> _Task to carry out_:
Would you please set down the data again exactly as given, excluding the pictures?

> _Supplied material_:
↓↓↓
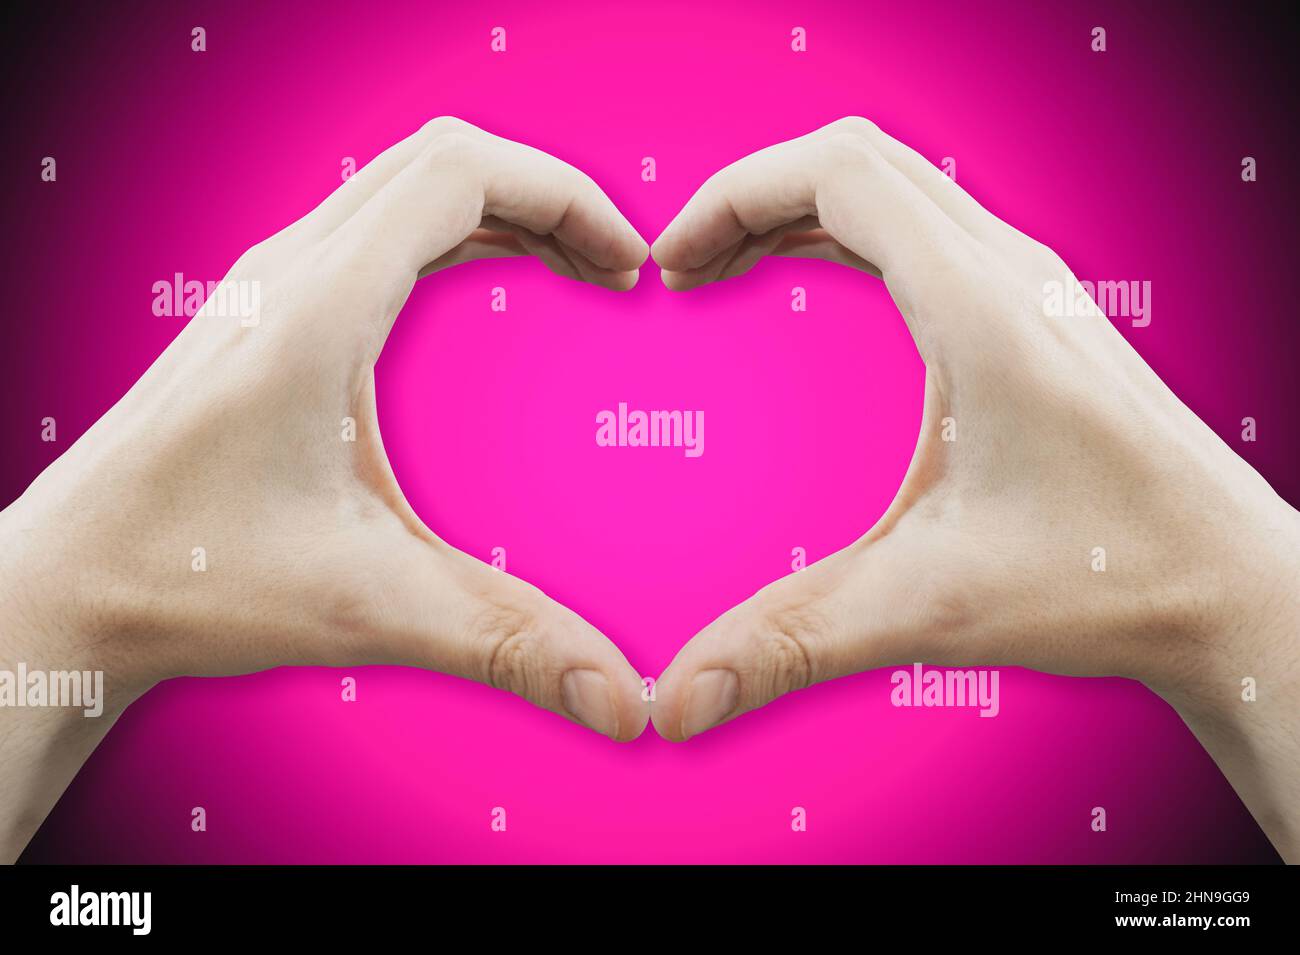 Hands Forming Heart Shape Pink Background Love Concept Stock Photo
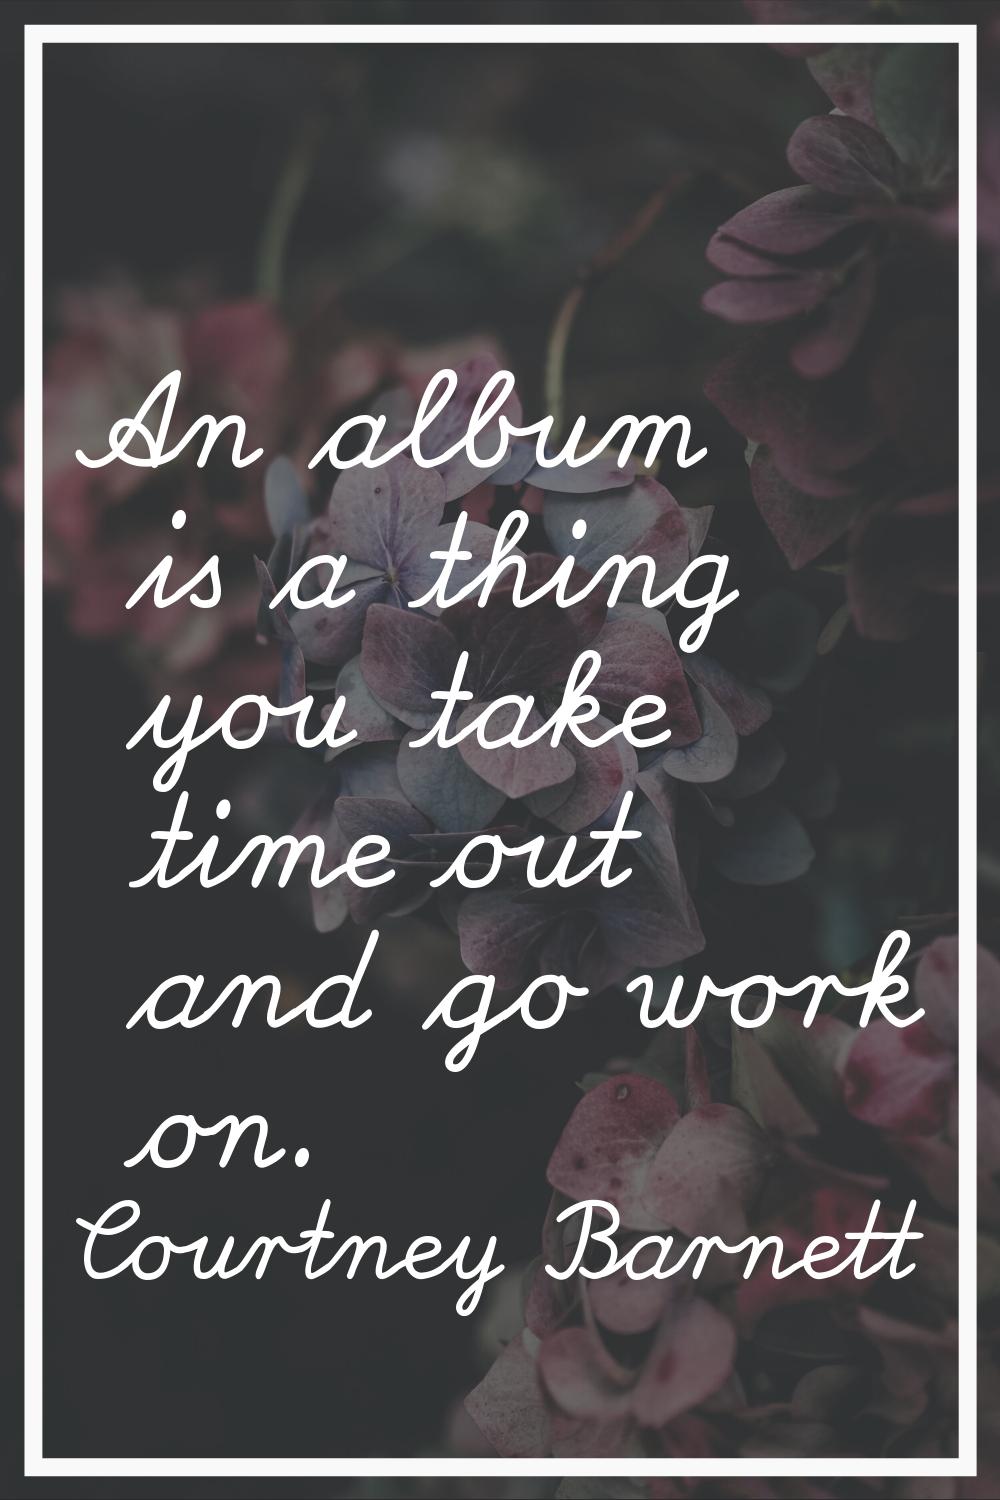 An album is a thing you take time out and go work on.
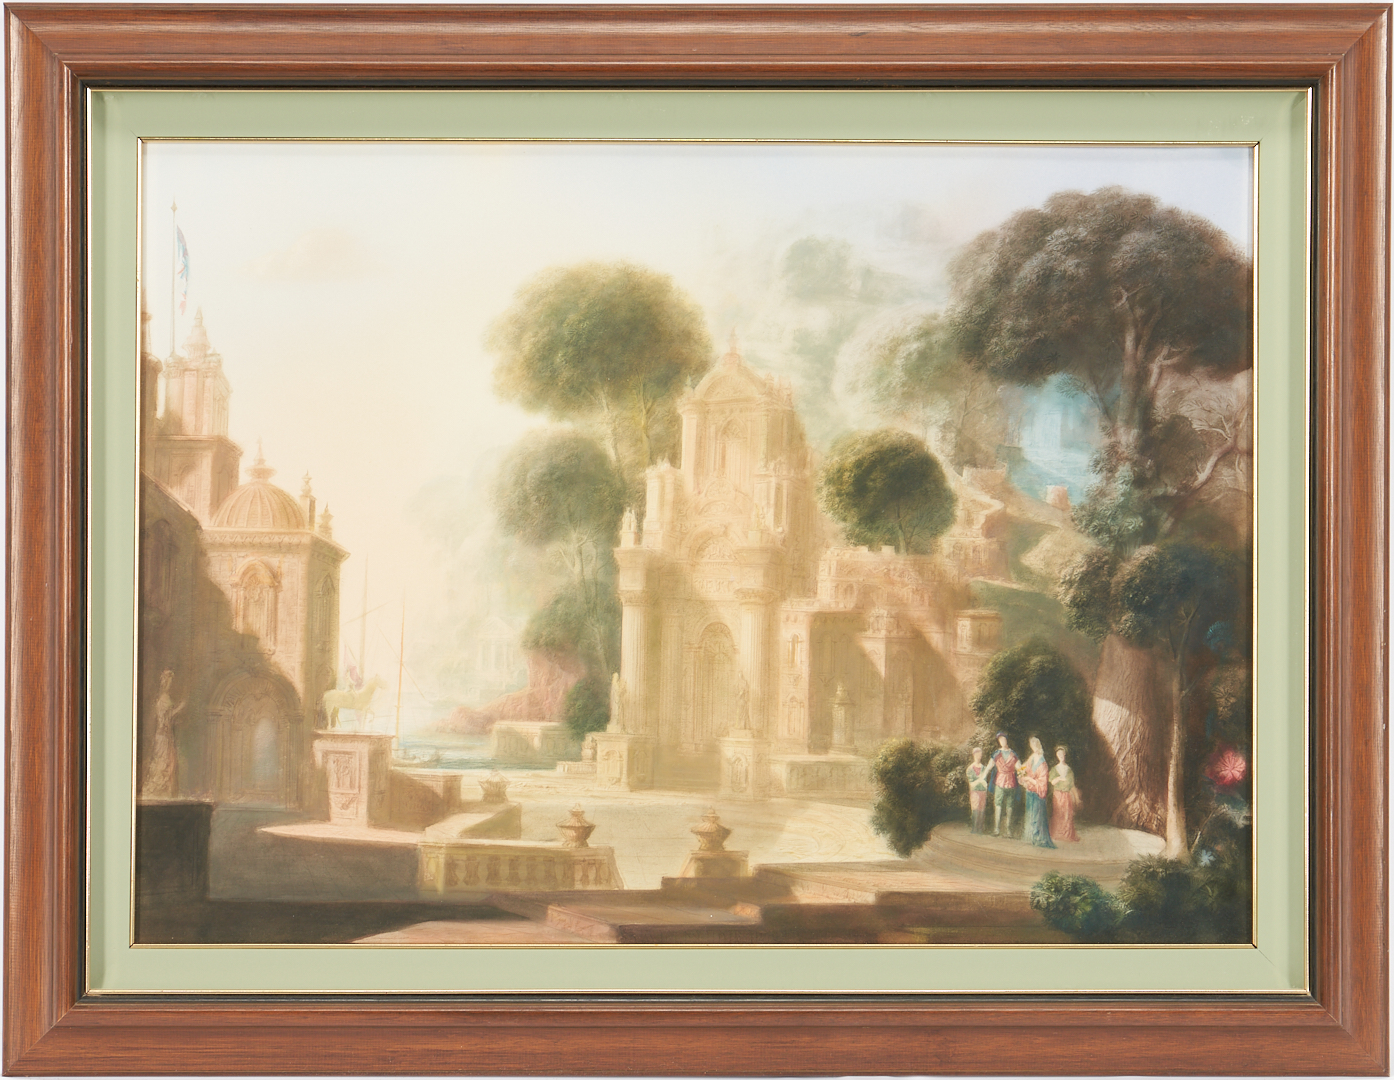 Lot 391: H. Hitchcock watercolor painting, The Shrine of St. Francis
↑↑↑
> _Problem solution_:
 Hands Forming Heart Shape Pink Background Love Concept Stock Photo
 An album is a thing you take time out and go work on.
 Lot 391: H. Hitchcock watercolor painting, The Shrine of St. Francis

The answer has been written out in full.